When studying for a doctoral degree (PhD), candidates submit a thesis that provides a critical review of the current state of knowledge of the thesis subject as well as the student’s own contributions to the subject. The distinguishing criterion of doctoral graduate research is a significant and original contribution to knowledge.
Once accepted, the candidate presents the thesis orally. This oral exam is open to the public.
Abstract
The rapid evolution of Convolutional Neural Networks (CNNs) has produced increasingly efficient and versatile algorithms, but the factors driving their superior performance remain underexplored. While previous research has primarily focused on explaining Semi-Supervised Machine Learning (SSML) algorithms in a model-specific manner, this thesis aims to generalize those findings, making them applicable across a wider range of CNNs. The challenge lies in achieving a method that can both enhance performance and improve interpretability while remaining adaptable to various models.
This thesis introduces a post-hoc Explainable Artificial Intelligence (XAI) method, called Unified Model Agnostic Computation (UMAC), designed to generalize common components of CNN models by drawing insights from SSML and Self-Supervised Learning (SSL) algorithms. Our research begins by focusing on two primary aspects: (1) the effect of parameter updates during training on both labeled and unlabeled data in SSML and SSL, and (2) the transition from model-specific SSML frameworks to a more generalized, model-agnostic approach using SSL.
In the first phase, we used SSML as a foundation, breaking down their components into preprocess-centric and classifier-centric elements, which led to the creation of Semi-Supervised Computation Processes (SSCPs). These processes were tested across five state-of-the-art SSML algorithms and three SSL algorithms, using various Deep Neural Networks (DNNs). Although this phase acted as a testing ground to understand the mechanics of SSML, it allowed us to identify key drivers of performance, especially in relation to parameter updates and data handling.
Through 45 rigorous experiments, we observed an 8% reduction in training loss and a 6.75% increase in learning precision using the Shake-Shake26 classifier with the RemixMatch SSML algorithm. A key observation was the positive correlation between labeled data and training time, showcasing the importance of label quantity in enhancing model efficiency.

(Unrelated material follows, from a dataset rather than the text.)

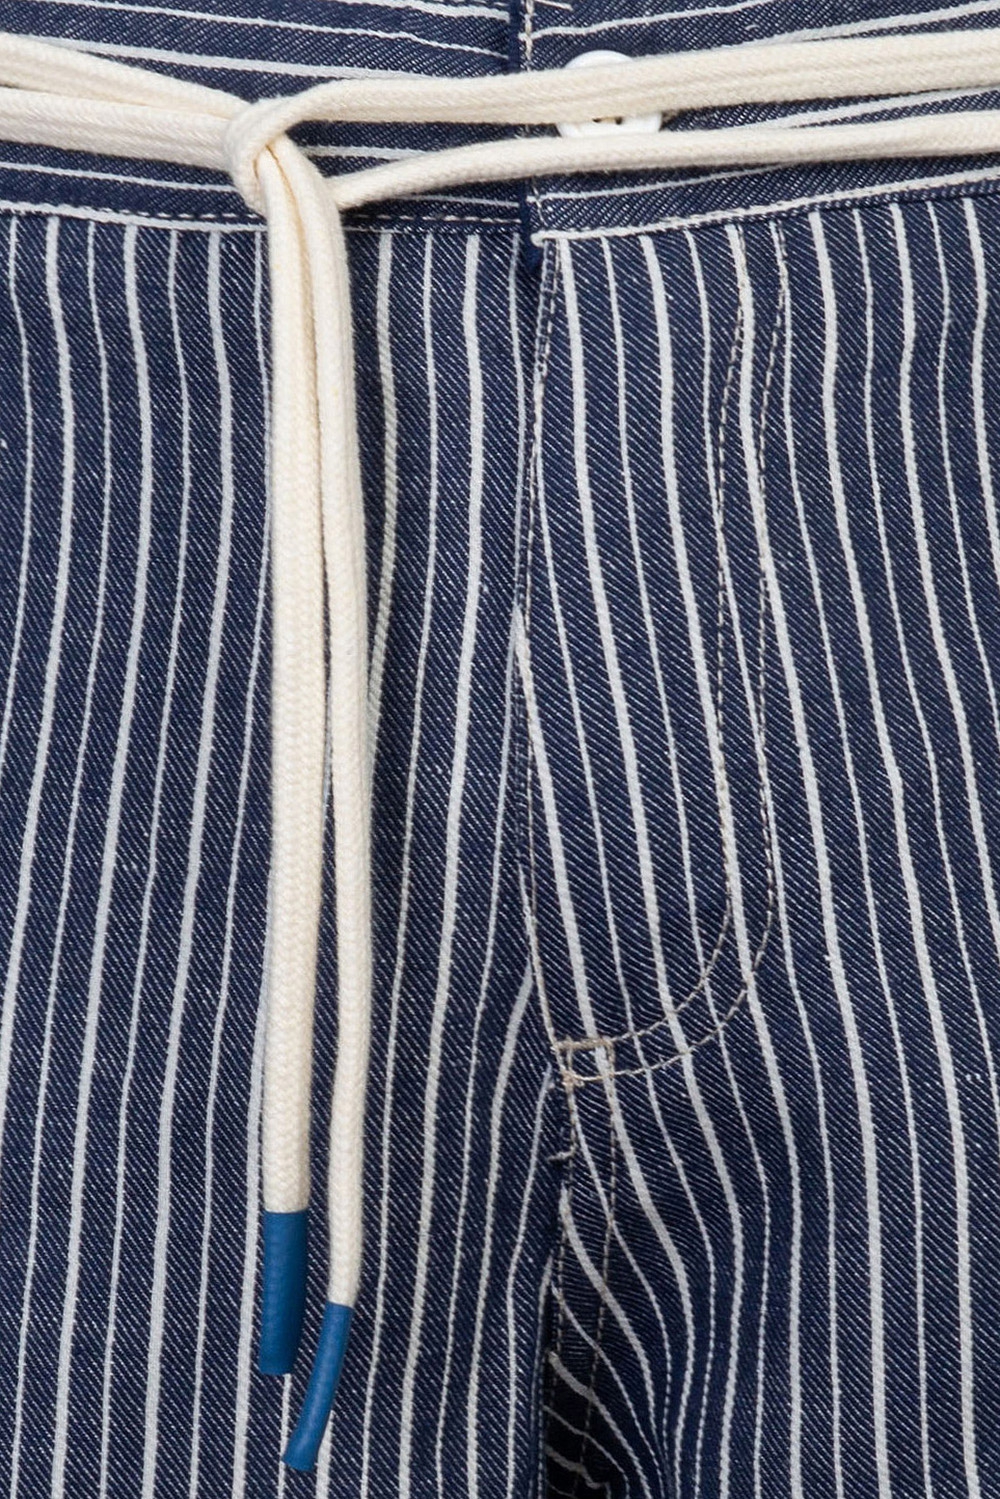 Pantaloni slim bleumarin in dungi 1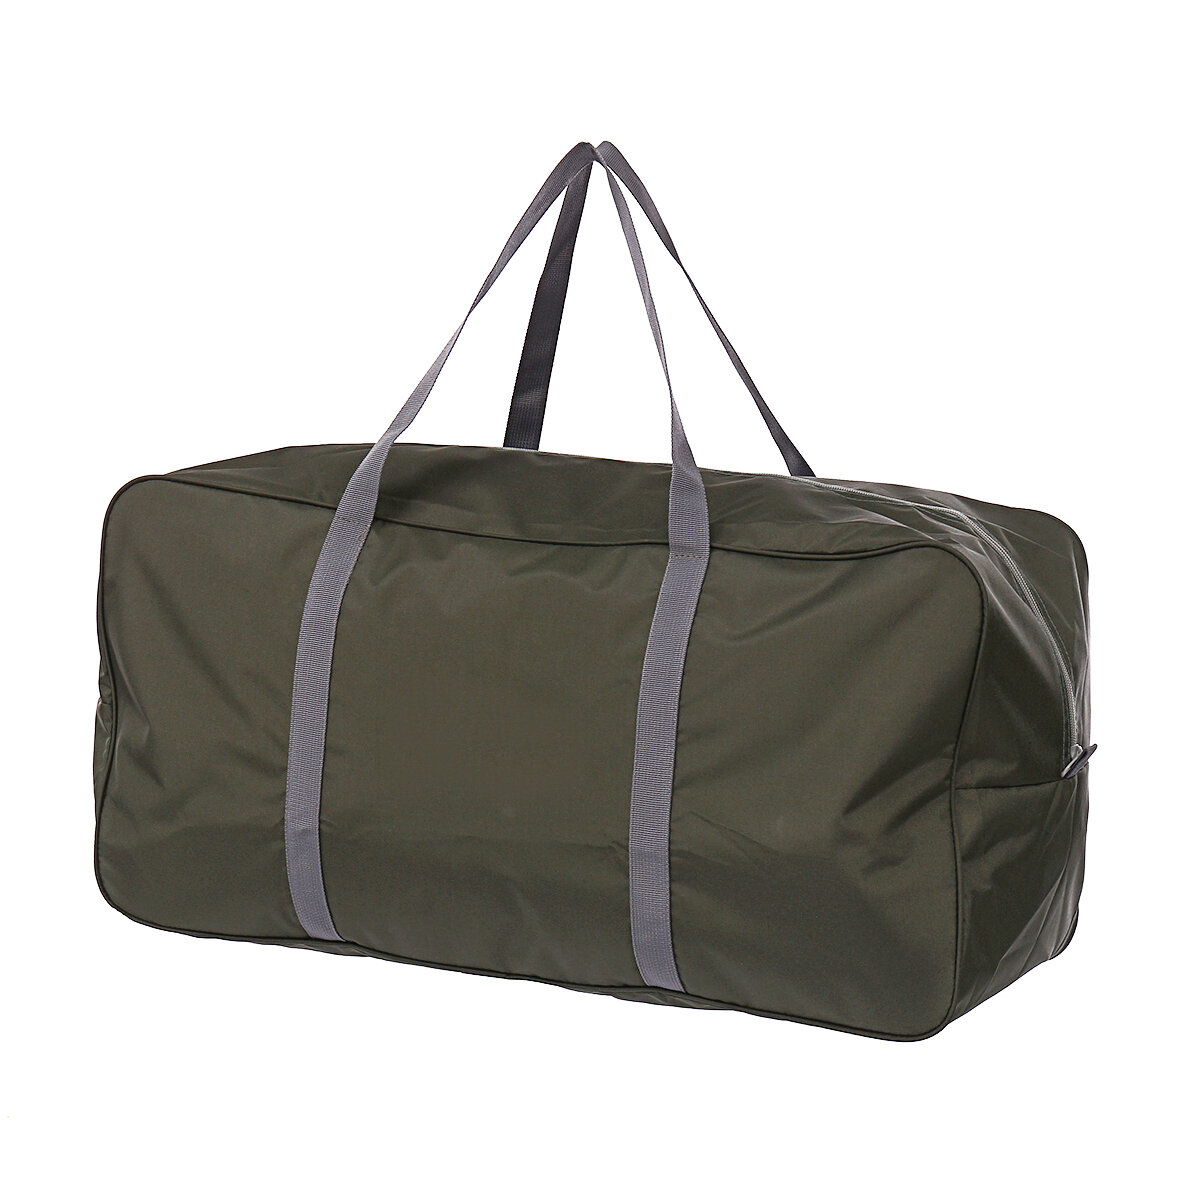 Εξωτερική τσάντα 45L / 21L Oxford μεγάλη τσάντα Duffle ταξιδίου κατασκηνώσεων σκηνές αποθήκευσης αποσκευών τσάντα αθλητικών κινητής τσάντας αδιάβροχη

In the second phase, we transitioned from SSML to SSL to prove that the methodology could be generalized to a model-agnostic approach. By integrating SSL components, we aimed to develop a unified framework that worked across various DNN architectures. Building upon this analysis, we developed a UMAC process for SSL, tailored to complement modern self-supervised learning algorithms. UMAC serves as a model-agnostic XAI methodology that explains models by composition, systematically integrating and enhancing state-of-the-art algorithms. Through UMAC, we identified key computational mechanisms and crafted a unified framework for self-supervised learning evaluation. Our systematic approach yielded a 17.12% improvement in training time complexity and a 13.1% boost in testing time complexity, with notable improvements observed in augmentation, encoder architecture, and auxiliary components within the network classifier. This phase demonstrated that UMAC could enhance accuracy and reduce training loss under different data conditions, showing its adaptability to different models and datasets.
In the third phase, we applied the UMAC framework to the field of medical image classification. Medical imaging tasks often suffer from data scarcity, making it challenging to achieve both high performance and model interpretability. By leveraging the UMAC methodology, we integrated it into CNNs and Transformers to generate high-quality representations, even with limited data. Experiments across five 2D medical image datasets showed that UMAC outperformed traditional augmentation methods by 1.89% in classification accuracy. Additionally, incorporating XAI techniques ensured that the models provided transparent and reliable decision-making processes, enhancing their interpretability in critical medical applications.
Throughout this process, UMAC served as an XAI method based on explaining models by composition, systematically breaking down computational processes to reveal how model components contribute to overall performance. This approach enabled us to create a unified, model-agnostic framework that enhanced both transparency and efficiency in CNNs.
Ultimately, this thesis contributes a structured and generalizable approach for machine learning (ML) developers, offering step-by-step guidelines to improve model performance and interpretability. By generalizing the computation processes of SSML and SSL through the UMAC framework, we provide developers with the tools needed to optimize their models across various domains, particularly in fields where transparency and accuracy are critical.